Já no que concerne ao argumento pautado na súmula 112 do STJ, cumpre analisá-lo sob uma perspectiva histórica. Isso porque, a referida súmula fora publicada em 03 de novembro de 1994, ou seja, há mais de 20 anos atrás, quando, por óbvio, a realidade econômica, jurídica e social do país era amplamente diversa da atualmente vigente. A utilização do seguro garantia em processos judiciais apenas se difundiu cerca de 10 anos depois a publicação da supramencionada súmula, em meados de 2003, a partir da edição da circular da SUSEP 232, de 3 de junho de 2003, que regulamentou esta modalidade de garantia.

Foi justamente em atenção à crescente utilização do seguro garantia judicial que em 2006 tal modalidade foi introduzida no ordenamento jurídico brasileiro através da Lei 11.382/06 e, posteriormente, em 2014, fora também inserida na Lei de Execução Fiscal como forma de garantia da execução fiscal. Tem-se, portanto, que a Súmula 112 do STJ já não está alinhada com a realidade prática das modalidades de garantia judicial, tampouco com a legislação concernente ao tema, não devendo ser aplicada de modo automático e acrítico.

Para além da análise do ponto de vista legal e jurisprudencial, há de se observar a própria racionalidade econômica da utilização destes meios de garantia em detrimento do depósito em dinheiro.

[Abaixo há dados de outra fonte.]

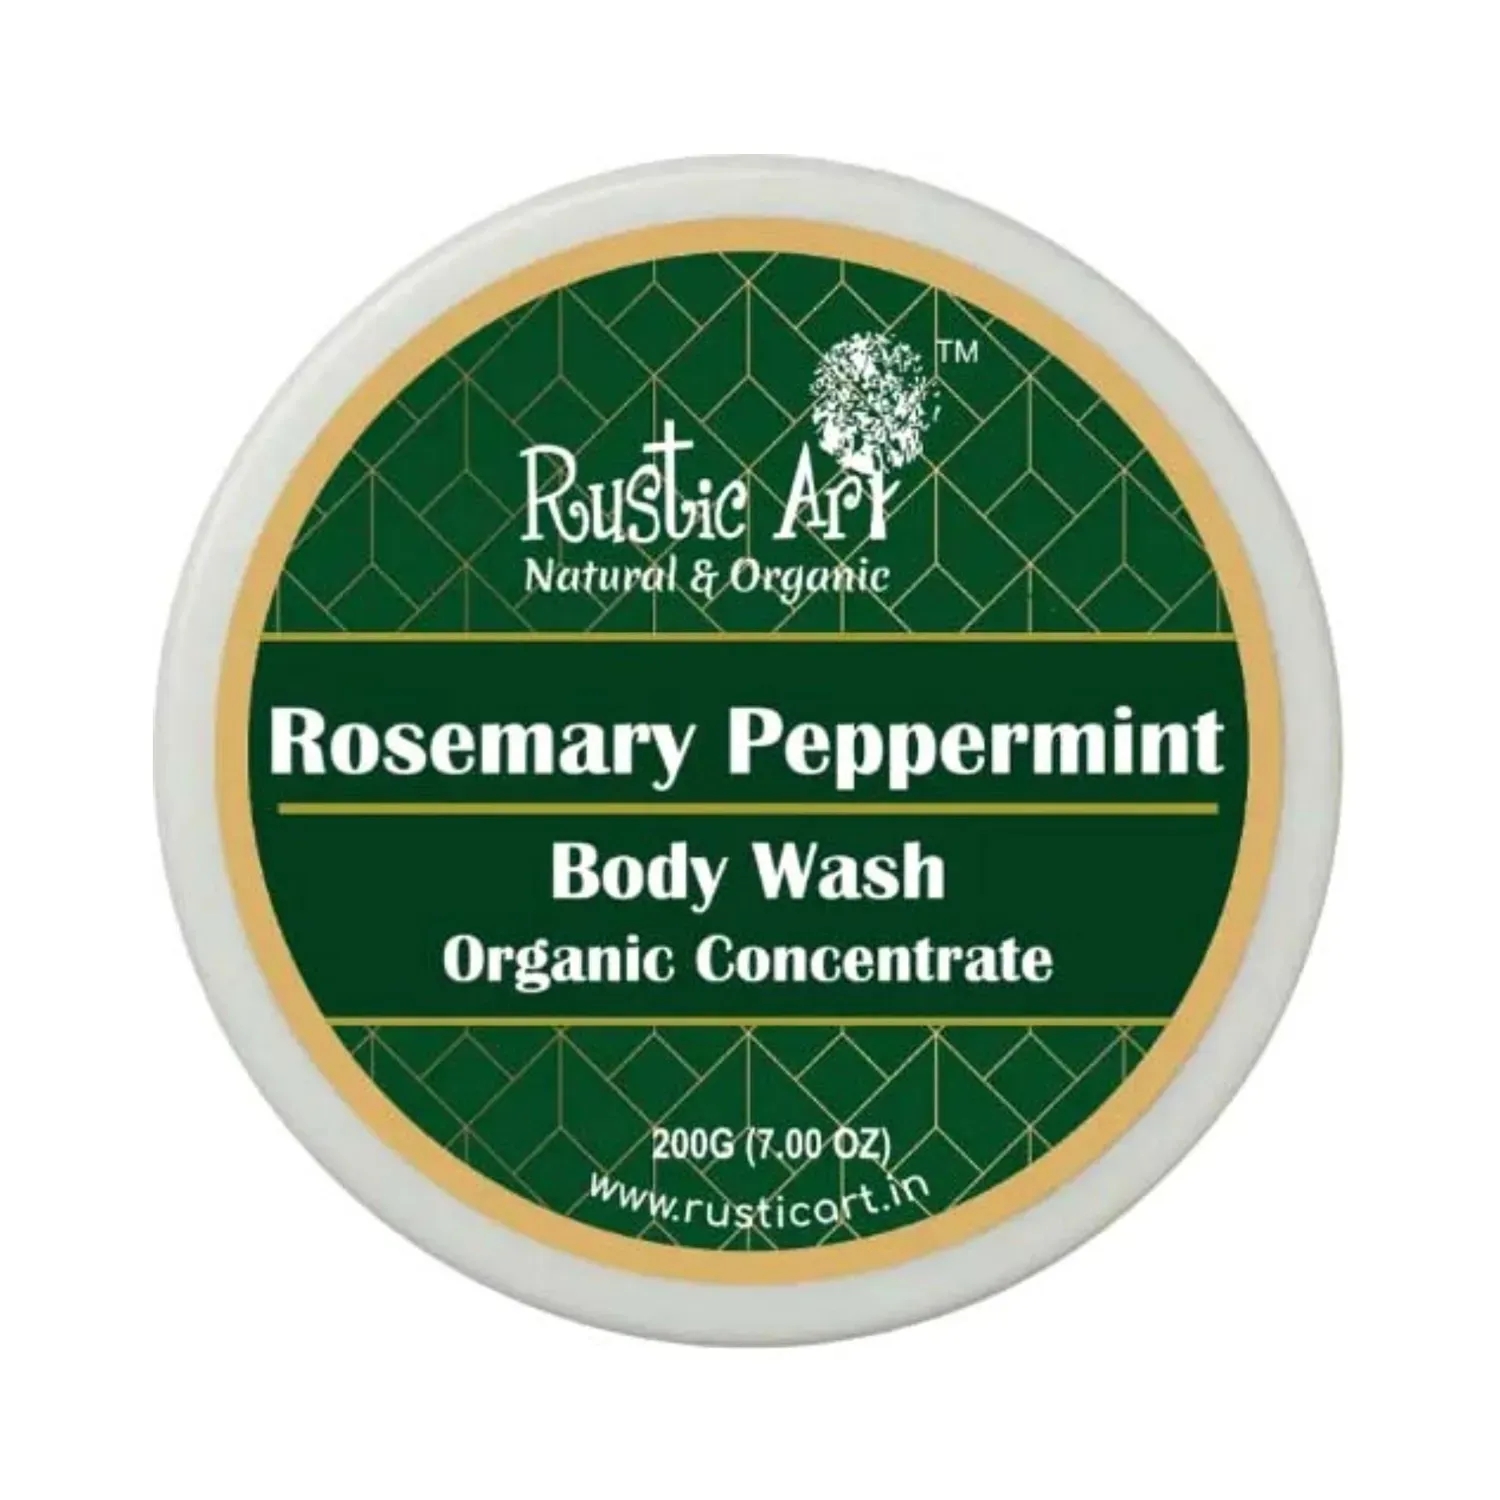 Rustic Art | Rustic Art Organic Concentrate Rosemary Peppermint Body Wash (200g)

Isso porque, a garantia do crédito tributário mediante apresentação de seguro garantia ou fiança bancária traz ao exequente o mesmo benefício do depósito em dinheiro, qual seja, a garantia de recebimento do crédito; por outro lado, traz ao executado o importante benefício de não se ver obrigado a despender, de imediato, enormes montantes em dinheiro com vistas a garantir o crédito, o que, quando necessário, ou inviabiliza o seu acesso à justiça ou diminui gritantemente o seu capital de giro.

Importa aqui relembrar que diante da impossibilidade de obter a suspensão da exigibilidade do crédito tributário mediante apresentação do seguro garantia ou da fiança bancária em sede de ação cautelar/ação anulatória, resta o contribuinte fadado a se sujeitar aos mais diversos ônus decorrentes da exigibilidade do crédito — como inscrições em cadastros de inadimplentes, submissão à sanções políticas impostas pelo Poder Público, sem falar na própria propositura da execução fiscal; tudo isso mesmo estando o débito devidamente garantido.

Não se está, portanto, discutindo uma questão meramente formal, mas sim um entendimento que, pautando-se em premissas já ultrapassadas e não mais coerentes com a realidade econômica e do próprio ordenamento jurídico brasileiro, impõe efetivo obstáculo de acesso à justiça.

Diante deste cenário, parece necessário repensar a interpretação que vem sendo dada ao art. 151 do CTN, assim como a própria súmula 112 do STJ, de modo a restarem alinhados não só com a Lei de Execução Fiscal, como também com o Código de Processo Civil (princípio da menor onerosidade) e a própria Constituição Federal, preservando e cumprindo as garantias constitucionalmente asseguradas da igualdade e do acesso à justiça, de modo a permitir ao contribuinte discutir o que entender de direito antes mesmo de ser executado pelo Fisco.